【发布时间】:2016-10-30 16:26:36
【问题描述】:
我正在从网页源中提取评论数据并使用以下方法构建树:
`tmpTree <- FromListExplicit(postData[[1]], nameName = "poster", childrenName = "child")`
其中postData 是使用xml_find_all 提取的节点列表,每次从列表中创建新树时,postData[[1]] 都会更改。提取节点的函数可以在我八月份发布的SO question 中找到,谢天谢地,RSelenium 的创建者自己回答了,jdharrison。
我想问的是我是否可以创建一种树,例如:
newTree <- Node$new("Tree67770)
newTree$AddChild(tmpTree)
所以我最终得到一棵由其他三棵树组成的树,然后它们将成为最终树中的节点,当我绘制大树时,我可以看到所有名称(海报的)。
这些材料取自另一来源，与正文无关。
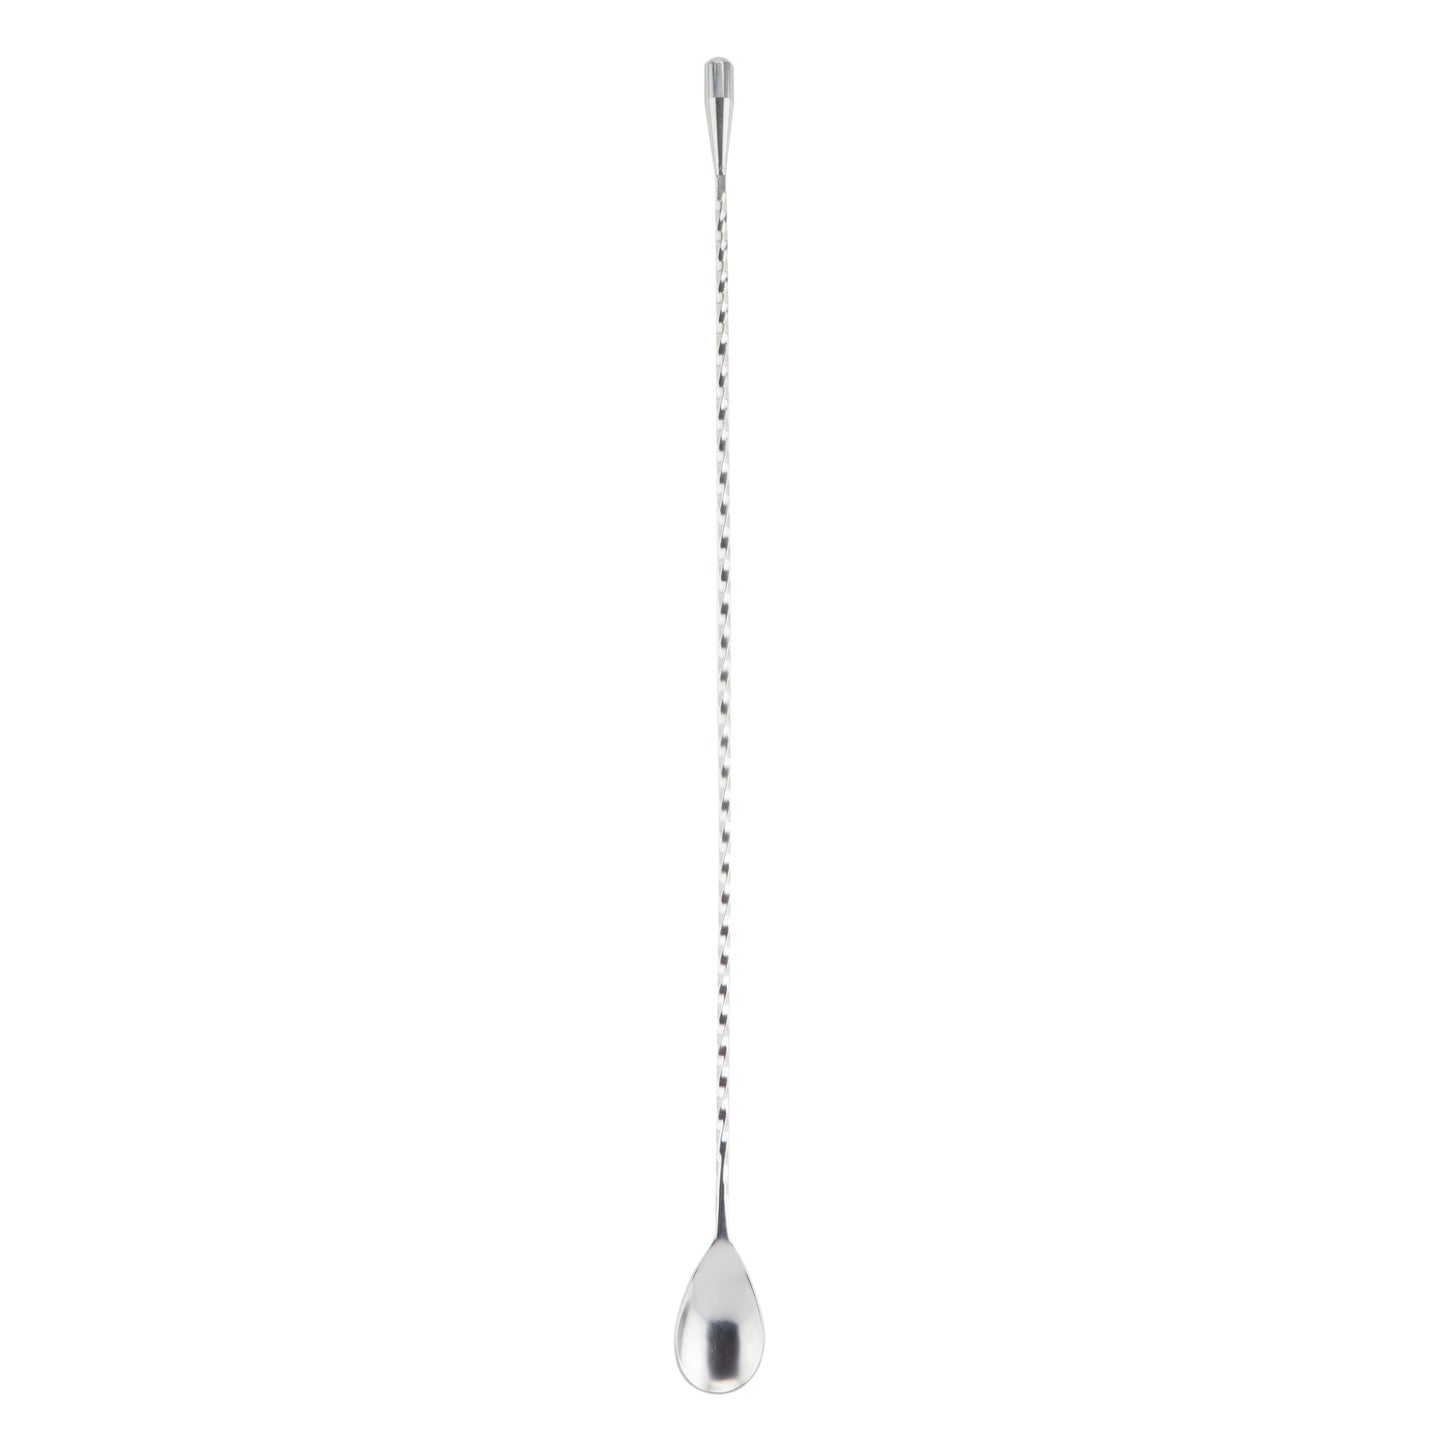 Weighted Bar Spoon -Stainless Steel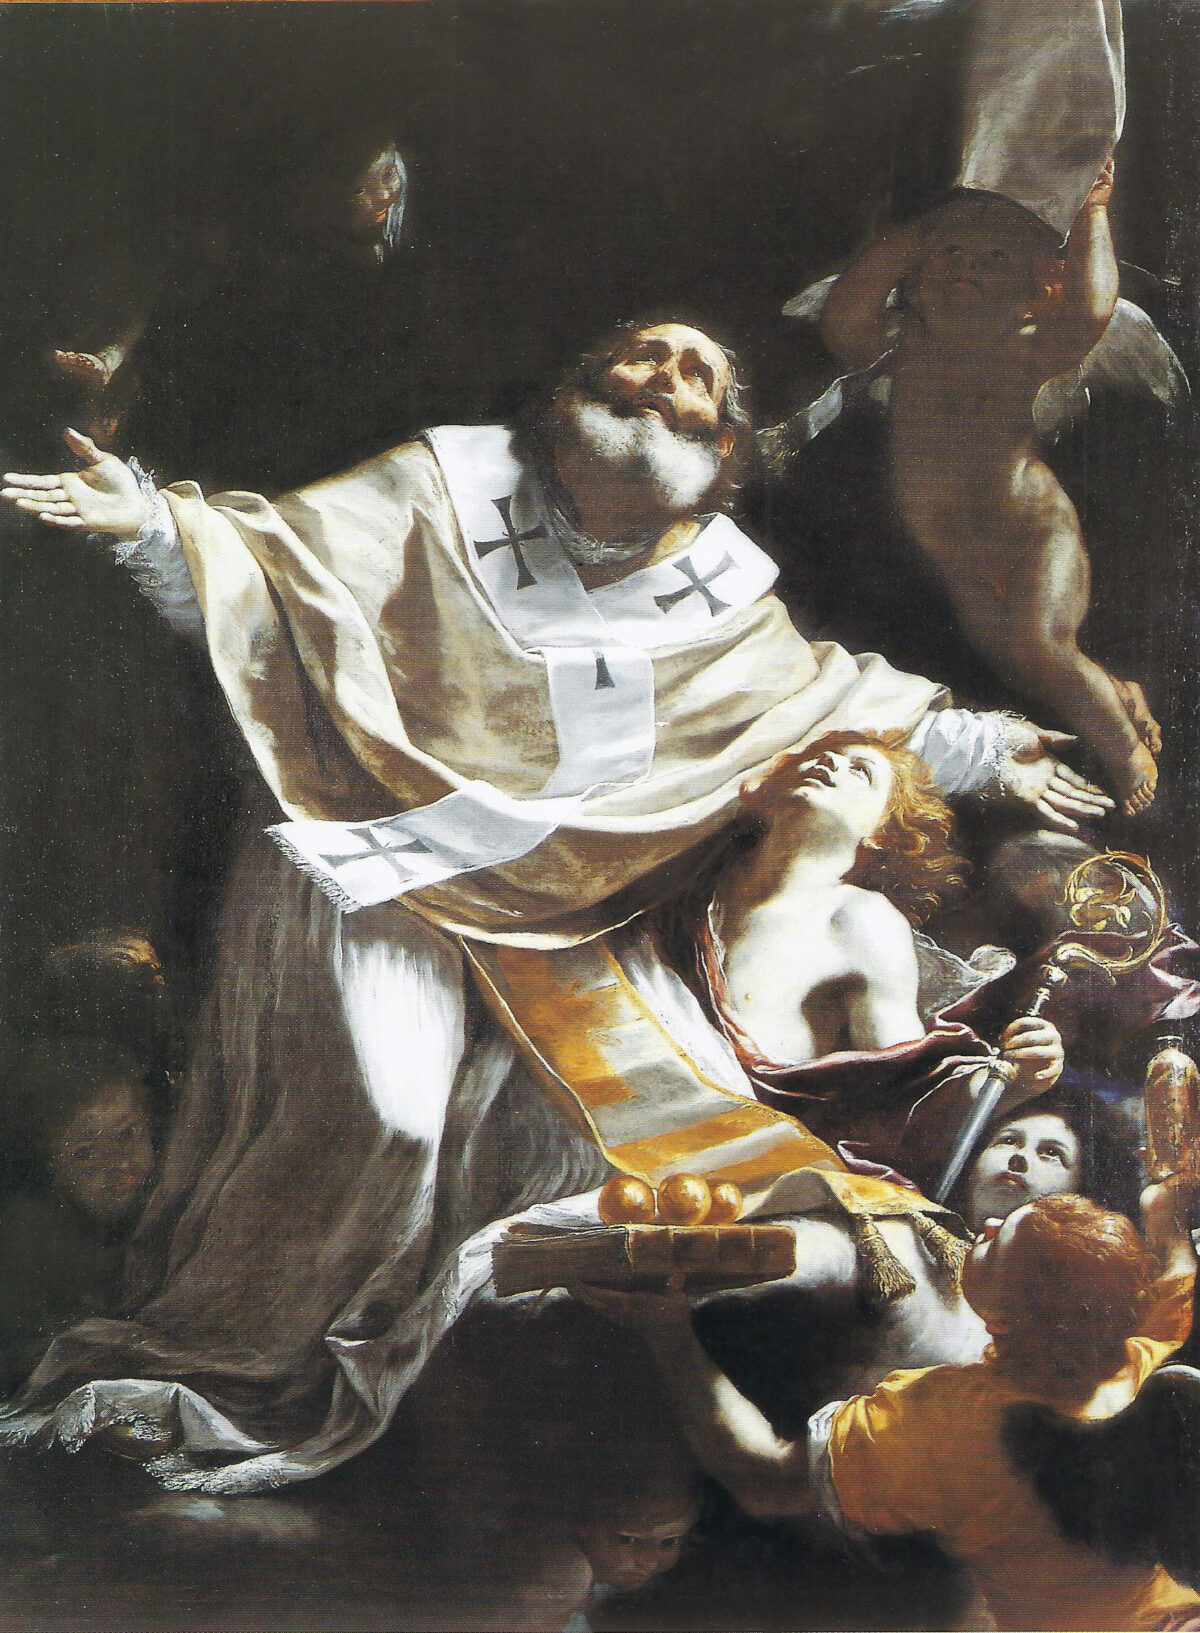 A detail from “Glory of St. Nicholas of Bari,” 1653, by Mattia Preti. Oil on Canvas. Capodimonte Museums and Galleries. (Public Domain)

上述方法不起作用,错误cannot coerce type 'environment' to vector of type 'character' 是可以理解的,因为每个tmpTree 不是字符而是列表。我想把每棵树都改成一个 data.frame,然后把所有的 data.frame 添加回去来构建一棵大树,但在我看来它太长而且太麻烦了。任何帮助将不胜感激。谢谢。
已编辑以添加 dput 示例: 示例 1:
structure(list(postId = 2794984430, date = "Thursday, July 21, 2016 11:17 AM",
poster = "MMM", disqusUname = "disqus_rVXuxnq9MP", message = "\rI am against abortion but I am in favour of contraceptives. Is the MAP a (emergency) contraceptive or not? Is the MAP abortive or not? Unless there is clear unequivocal evidence about this, the circus will continue!\r",
child = list(structure(list(postId = 2795948275, date = "Thursday, July 21, 2016 9:07 PM",
poster = "David Farrugia", disqusUname = "davidfarrugia",
message = "\rIt all depends when the soul has been installed into the egg. LOL\r"), .Names = c("postId",
"date", "poster", "disqusUname", "message")))), .Names = c("postId", "date", "poster", "disqusUname", "message", "child"))
示例 2:
structure(list(postId = 2795142611, date = "Thursday, July 21, 2016 2:04 PM",
poster = "David", disqusUname = "disqus_tTjwlqxma8", message = "\rthis reminds me of the Divorce debate. the dinosaurs from church and the parliament seem to be against anything 'god' does not allow. can they accept the fact that not all of us are into religious fairy tales?\r",
child = list(structure(list(postId = 2796284665, date = "Friday, July 22, 2016 12:30 AM",
poster = "Nessy Testa", disqusUname = "NICOTI", message = "\rno they want to shove their \"morals\" down our throats.. then they go to repent their sins..\r"), .Names = c("postId",
"date", "poster", "disqusUname", "message")))), .Names = c("postId", "date", "poster", "disqusUname", "message", "child"))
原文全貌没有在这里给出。